Note that you need the most recent Microsoft Runtimes to be able to load Grasshopper in Rhino4. You can download the latest runtimes from the Microsoft Website, and be sure to get the 32-bit ones (vcredist_x86.EXE).


I hope this helps,


- Giulio
McNeel Europe

Ok well I have done that but it still has the same error message
Make sure it is the 2005 version and the 32-bit (_x86)
it was

Hi again Thomas,

I'm sorry, but there is no solution off the manual then.


Can you try making the error appear again and then send a screenshot of the log to my email address below, please?

To see the log,


1) Go to the Control Panel, then choose View event log:

You should be able to spot the error in the viewer:



- Giulio
McNeel Europe

Hi Thomas,

I would try downloading and installing one more time. Make absolutely sure you are installing the file called vcredist_x86.exe and NOT vcredist_x64.exe.  Installing vcredist_x64.exe won't cause any problems, it just also won't fix this grasshopper issue.





well did download the correct runtime the first time but it must not have loaded properly the second time i ran the install for the runtime grasshopper finally opened


Thanks for everyone that helped me figure this out



This is a bad problem. It refers to problems with the WINSXS (Windows Side-by-Side) subdirectory in your main Windows directory. The problem has nothing (directly) to do with Rhino or Ghrashopper at all.

What it does have to do with is an ancient and basically fundamental design problem with Windows itself. This problem is typically called "DLL Hell". In the beginning ((Windows 2) when RAM was expensive and scarce, MS enabled Windows programs to use many different small modules that were loaded dynamically (DLL = Dynamic Link Library) as needed.  It quickly became common practice for different programs to use the same DLL file to do the same thing.

But nasty problems happened when Program A updated a DLL in a way the caused Program B, which used the same DLL, to crash. MS spent literally thousands of support hours resolving these problems. That was very expensive.

So starting with Windows 7 (I think) Microsoft tried to reduce this kind of issue by establishing the WINSXS directory. It's purpose is to store all the versions of a DLL file used by different programs.  It also has internal links so that different programs references to a given DLL are mapped to the copy of that DLL Windows has saved in WINSXS for each application.  This keeps all the same-named DLLs separate and lets each program use it's own copy.

That's the theory, and it works OK as long as everything with WINSXS is OK.  But - if somethings goes wrong with WINSXS, then the program can't find the DLL it needs, and you get the "Windows Side-by-Side" error message. This prevents the program from running.

There are no tools for dealing with WINSXS. The best method I know of to fix WINSXS problems is to completely uninstall the failing program and reinstall it. This either will work, or it won't. If it fails to work you can try restoring from a prior Restore Point. If that fails you will probably have to reinstall Windows and start over with reinstalling all your software. 
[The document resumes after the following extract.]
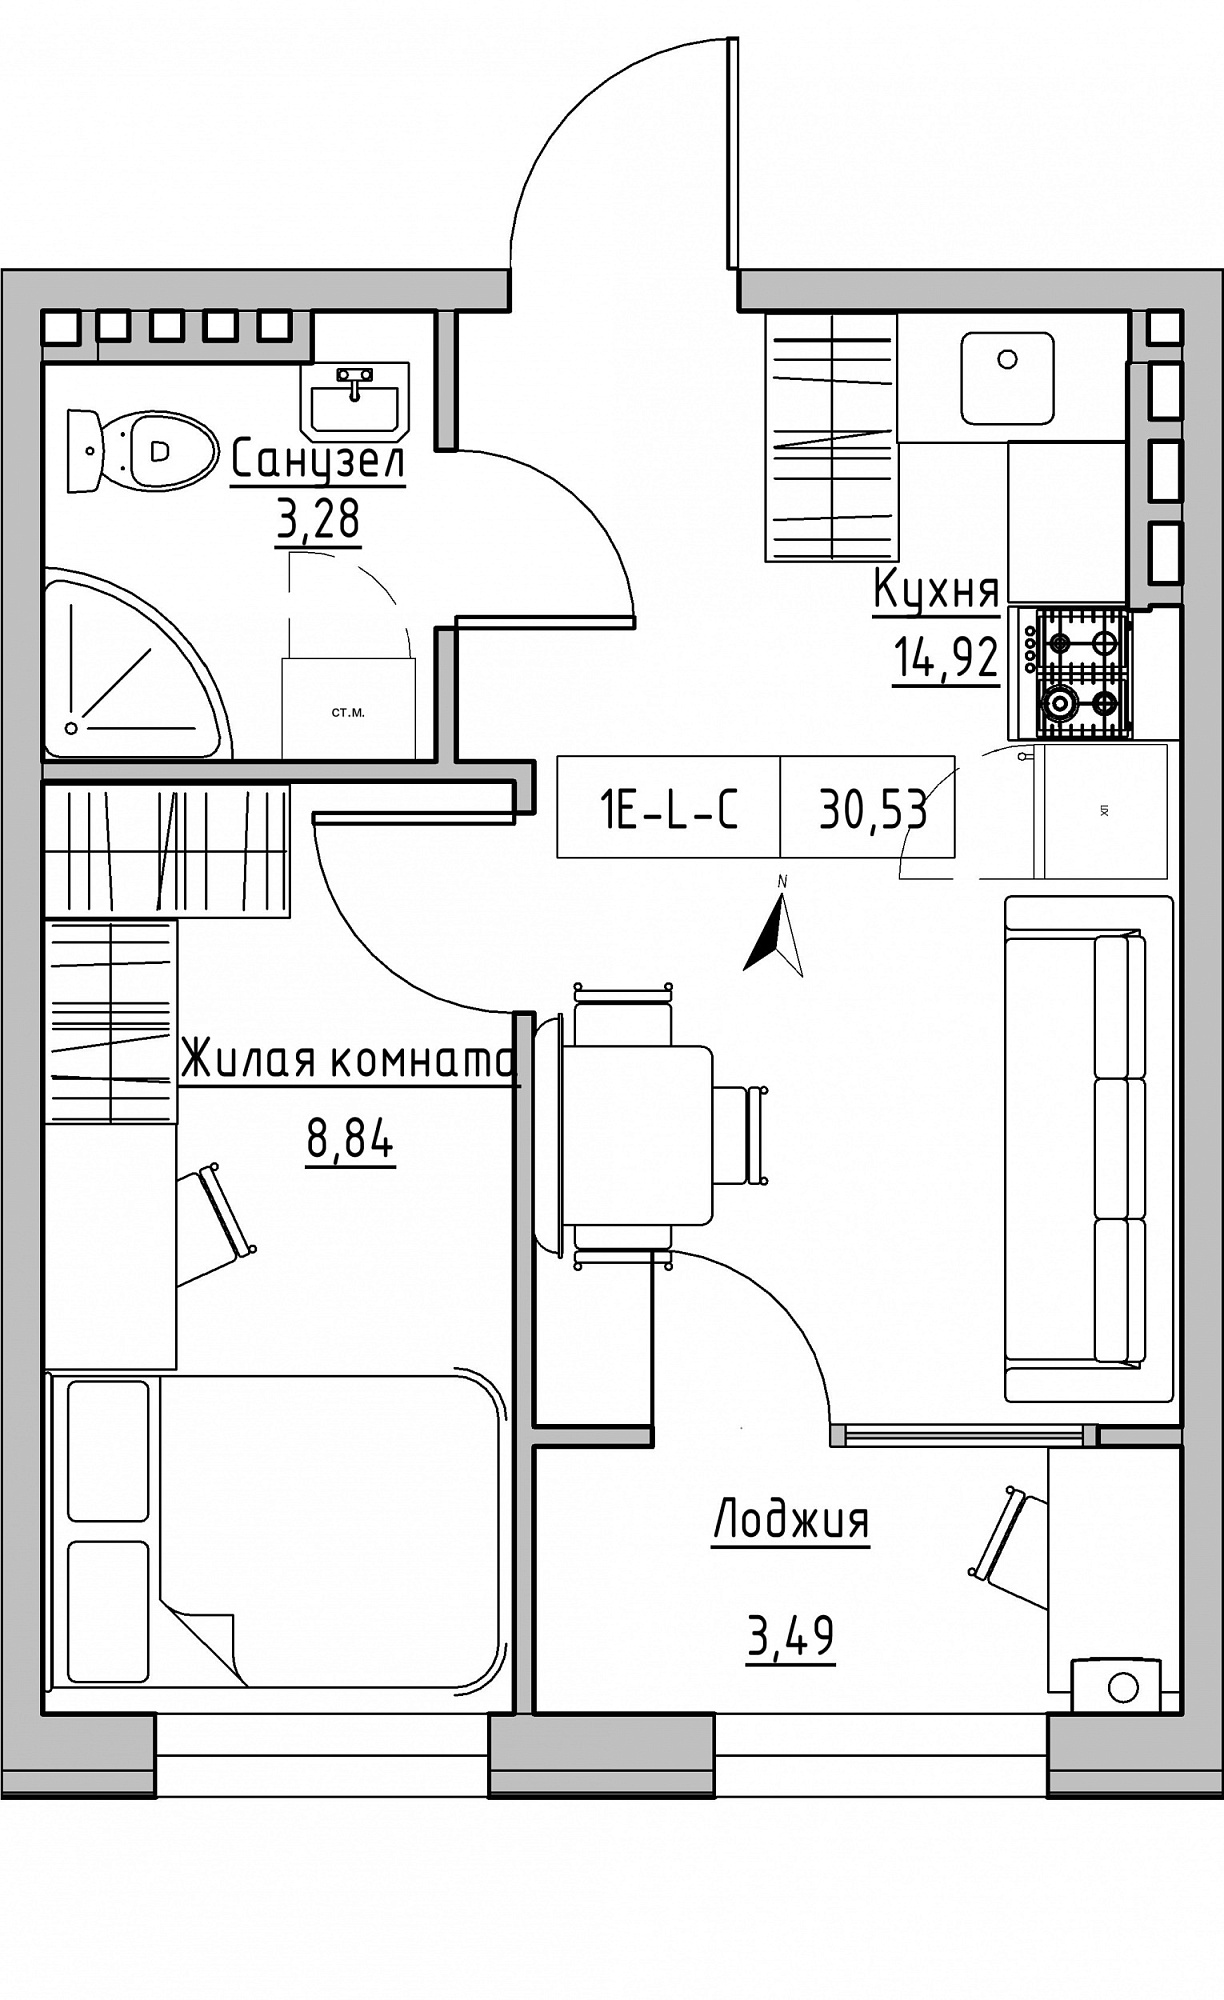 Planning 1-rm flats area 30.53m2, KS-024-04/0008.

Remember, I said it was a bad problem.

There is another issue with WINSXS that gets little attention, and that is that it gets larger every time you install a program. This is because Windows does not do a good job of removing things from WINSXS. It seems that with WIN 8/10 MS has improved this slightly, but WINSXS will still get increasingly large over time.

This means that at some point it will either fail in some way or consume all the space on your boot disk.  So a good idea is to do a complete boot disk reformat/Windows reinstall every few years.